Most of our fish is breaded and fried.
We just mix Old Bay into flour and dust the filets.

Warren


----------



## BrianGSDTexoma (Jan 22, 2021)

That a nice bunch of fish.  Blacken my favorite.  I just give fish a nice coat of Blacken seasoning.  I start pan medium hot than when about 375 put a Tablespoon or so of Coconut Oil or oil of your choice in pan.  I don't get as hot as most people.  Put fish in and turn down to about medium.  Fry until about 145.  Does not hurt to turn fish over couple times.


----------



## CFLJOHN512 (Jan 22, 2021)

Oh man. Great eating.   I catch em year round here in FL.   Soak in lemon juice for 10 mins, dredge in seasoned flour, then in eggs, then in a mix of crushed saltines and Parmesan. Pan fry it up for the best fish you’ll ever eat.


----------



## TNJAKE (Jan 22, 2021)

Brian Trommater said:


> That a nice bunch of fish.  Blacken my favorite.  I just give fish a nice coat of Blacken seasoning.  I start pan medium hot than when about 375 put a Tablespoon or so of Coconut Oil or oil of your choice in pan.  I don't get as hot as most people.  Put fish in and turn down to about medium.  Fry until about 145.  Does not hurt to turn fish over couple times.

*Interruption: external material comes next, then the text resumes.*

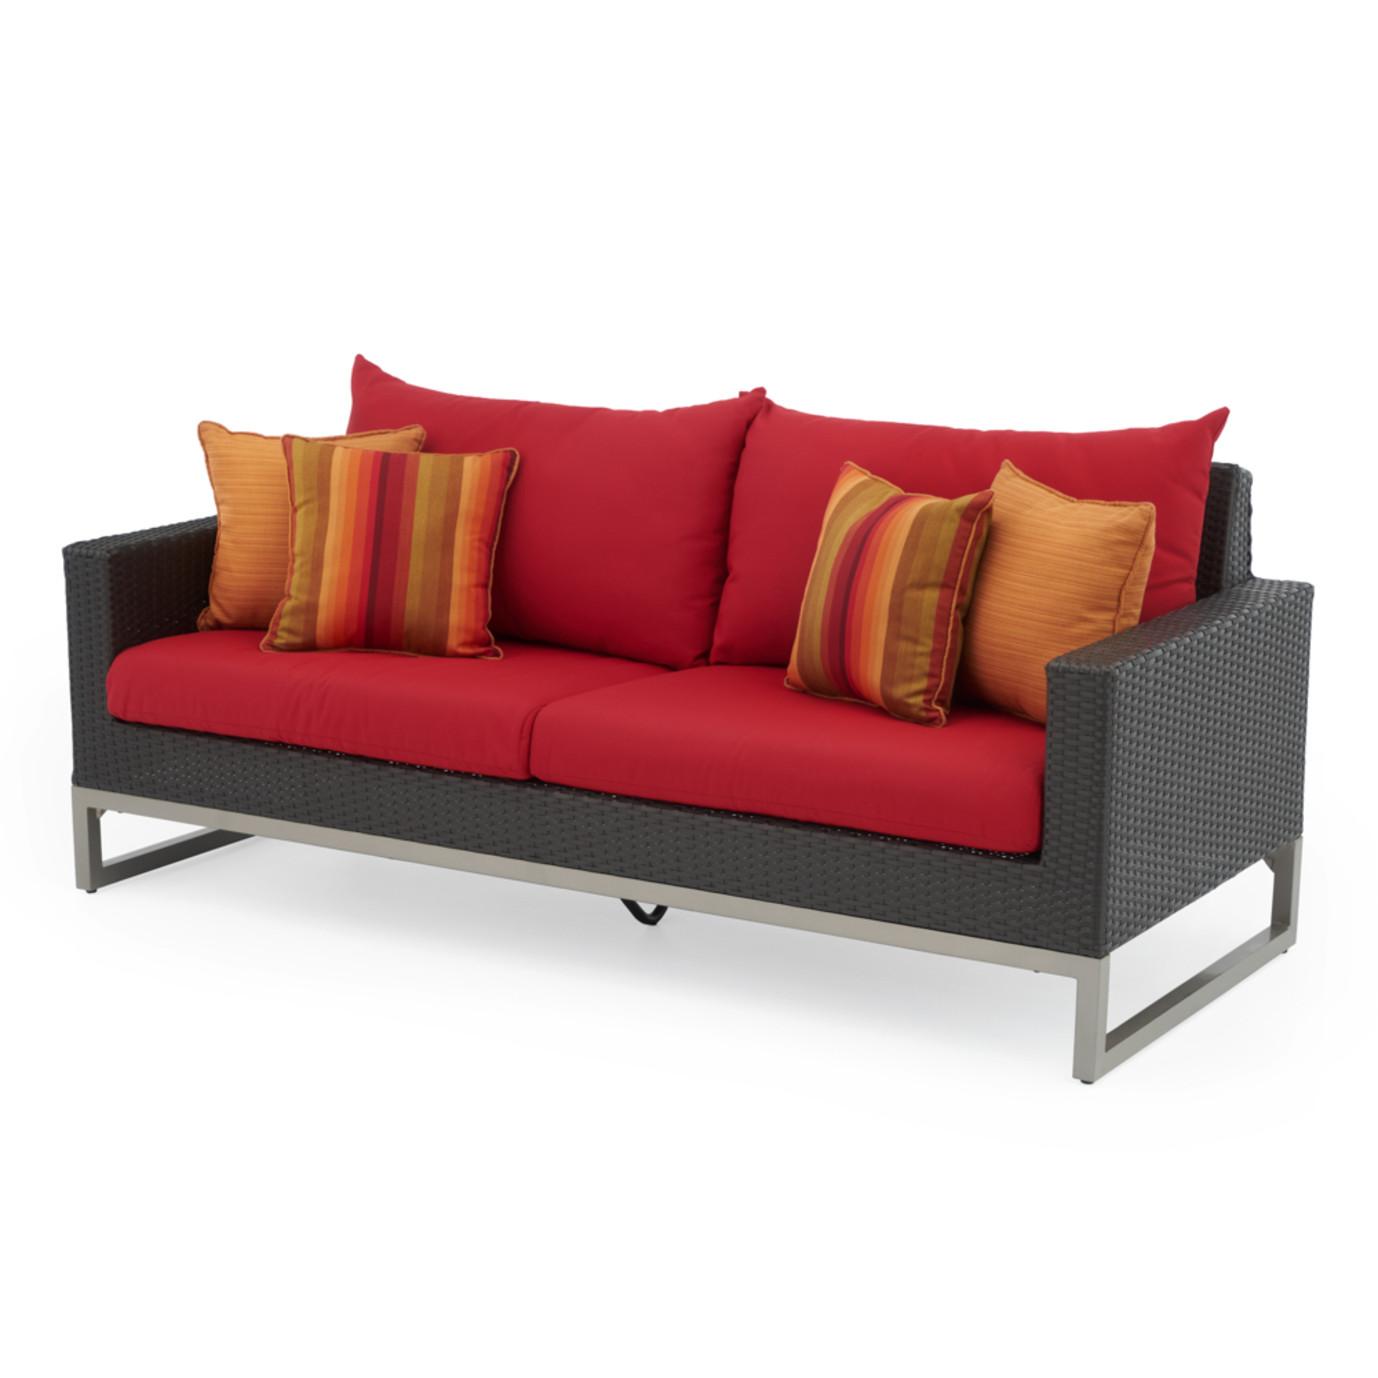 Milo™ Espresso 78in Sofa - Sunset Red

Key to blackening is first dipping your filets in melted butter. Then hit with seasoning and straight on the cast iron


----------



## BrianGSDTexoma (Jan 23, 2021)

TNJAKE said:


> Key to blackening is first dipping your filets in melted butter. Then hit with seasoning and straight on the cast iron


That way seemed to smoke a lot.  I started just seasoning without any oil or butter on fish and they turn out good, maybe not exactly blackened but real moist and tasty.  I don't have an exhaust vent.


----------



## HalfSmoked (Jan 23, 2021)

Yup I can go for blacken fish. Especially blacken catfish filets.

Warren


----------



## HalfSmoked (Jan 23, 2021)

Thanks for the like Ray it is appreciated.

Warren


----------



## 1MoreFord (Jan 24, 2021)

Yes, a proper blackening is done outside with a little breeze or under a commercial vent-a-hood.


----------